I have tried to give you an idea of my kind of subjects and concerns, which I suppose are really only visual descriptions of what and of how I see. ‘Ways of seeing.’ The choices made along the way are what it is all about.

JC 03

I would like to finish with a comment I made to some feltmakers at a conference some years back but which I still try to hold to myself: ‘I firmly believe that drawing, painting and observation have contributed more to my work in felt than has the medium itself, or rather they have allowed me to continue with felt beyond the point where I would otherwise have left it, by suggesting avenues of inquiry.
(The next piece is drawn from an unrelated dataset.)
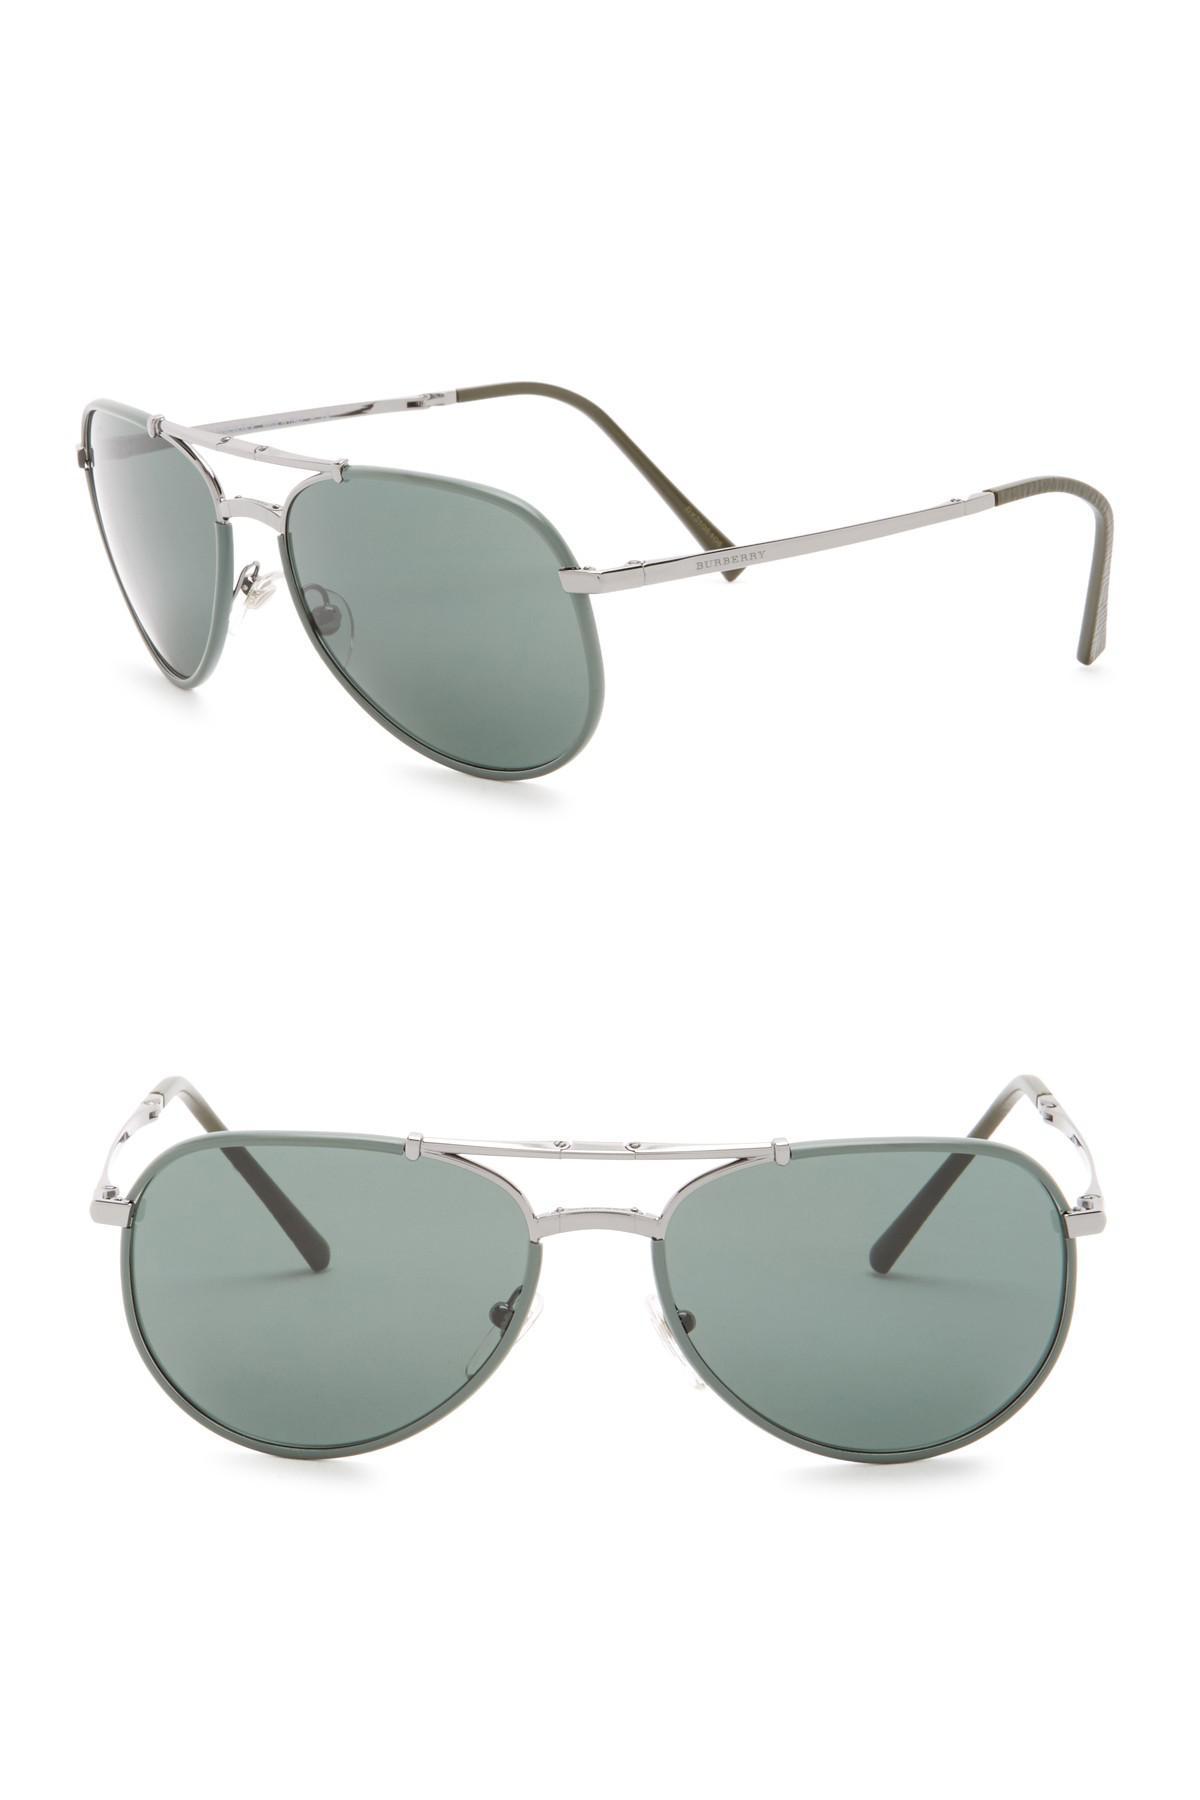 b0ab89efec7 Lyst - Burberry 58mm Folding Aviator Sunglasses

I am sure that all feltmakers of however long acquaintance know of the excitement of discovery and the beauty which the medium brings, so easily, and will agree that a balance is required between allowing the medium its head and making it do what is wanted. An argument against the use of felt is that it ‘gives’ of itself too much, and therefore, if reliance on that ‘gift’ is too great. all work in felt becomes similar, banal. It must be made to behave, beautifully why not, but in a controlled way. It must be fed with ideas, not allowed to be fixed in its own past. Felt is a brilliant teacher; it tells us of colour mixing, it tells us of graduated colour, it tells us of collage, it shows us that develoment can, if necessary take the form of destruction and reconstruction. They are valuable lessons, but too many of these things together can become a riot of decoration. What is needed is a reason for being, a simple statement.’